Does the Court of Chancery's Remedy Opinion, which held that an appraisal claimant who subsequently joined a plenary class action after its appraisal claims became worthless, is entitled to full fair-price damages without offset for merger consideration it never received, meet the strict criteria for certification of an interlocutory appeal under Delaware Supreme Court Rule 42?


Opinions:

Majority - Laster, V.C.

No, the Court of Chancery should not certify an interlocutory appeal from its Remedy Opinion. First, the application for certification was untimely, filed three days beyond the deadline calculated under Supreme Court Rule 11. Although Lampert’s counsel made a mistake by calculating under a different rule, this constitutes excusable neglect, not the 'good cause' required for an extension. Second, the Remedy Opinion did not resolve a substantial issue of material importance that warrants early appellate review. The court decided the merits of the fiduciary duty claims in the Post-Trial Opinion over a year prior; the Remedy Opinion merely quantified the Fund’s entitlement to damages based on settled precedent. The court rejected Lampert’s policy argument that the Remedy Opinion unfairly 'offloads credit risk' onto defendants, clarifying that damages for disloyalty are owed to make beneficiaries whole, regardless of an appraisal claimant's choice or a company's solvency. The Remedy Opinion applied established legal principles from cases like Technicolor, Emerging Communications, Dole Food, and Mindbody to the specific facts, which does not constitute a question of first impression nor does it create a conflict with other trial court decisions. The reasoning of Technicolor makes clear that an appraisal claimant can pursue a plenary action and choose between remedies, and the timing or reason for that choice (e.g., bankruptcy) is irrelevant, as is proving a causal role of the defendant in the appraisal's failure. Furthermore, the issues raised regarding the appraisal statute were settled by Technicolor, and accepting Lampert's arguments would require overruling that precedent.

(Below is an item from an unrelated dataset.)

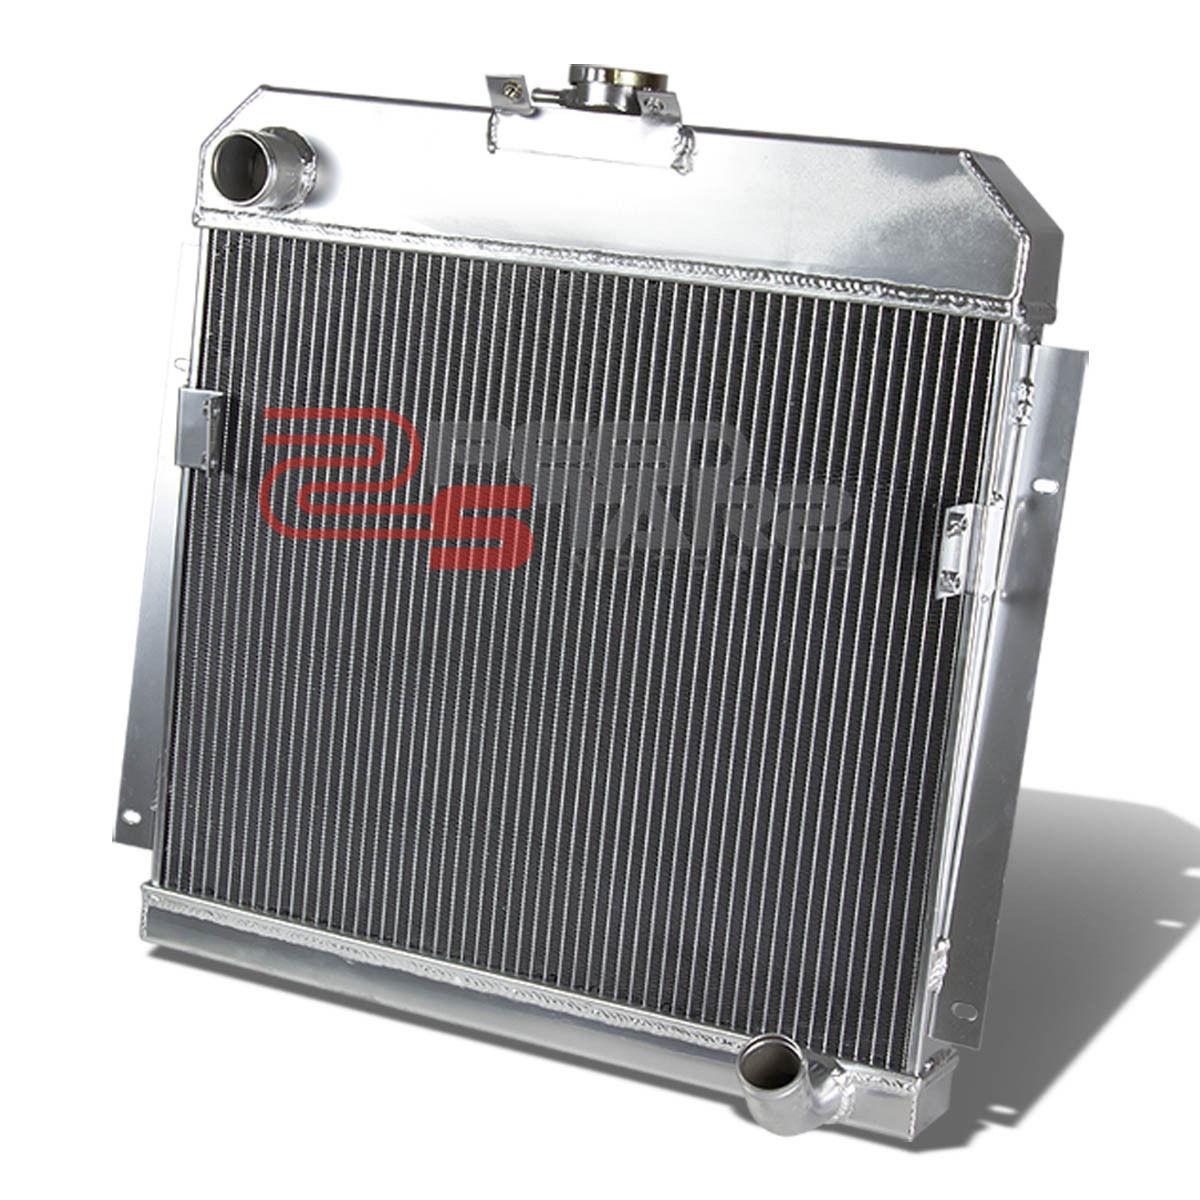 TRI Core High Capacity Race Aluminum Radiator Kit For Chevy 47-54 Truck L6 MT

Third, an interlocutory appeal would not terminate the litigation; a reversal would only remand for further consideration of the settlement, and the case is on the verge of a final judgment (either after a fee award or settlement approval), allowing for a single appeal as of right. Therefore, the court finds no substantial benefits to interlocutory review that outweigh its certain costs, and the interests of justice do not support granting it.



Analysis:

This decision reaffirms Delaware's stringent standards for certifying interlocutory appeals, highlighting the judiciary's commitment to the 'final order' doctrine to prevent piecemeal litigation and conserve judicial resources. By denying certification, the court emphasizes that even significant financial implications or complex factual scenarios will not justify an early appeal if the underlying legal principles are settled. The ruling also reinforces the lasting precedential value of Cede & Co. v. Technicolor, Inc., ensuring that claimants in fiduciary duty actions retain the flexibility to choose their most favorable remedy without being penalized by intervening events like bankruptcy, and that disloyal fiduciaries remain obligated to pay full compensatory damages.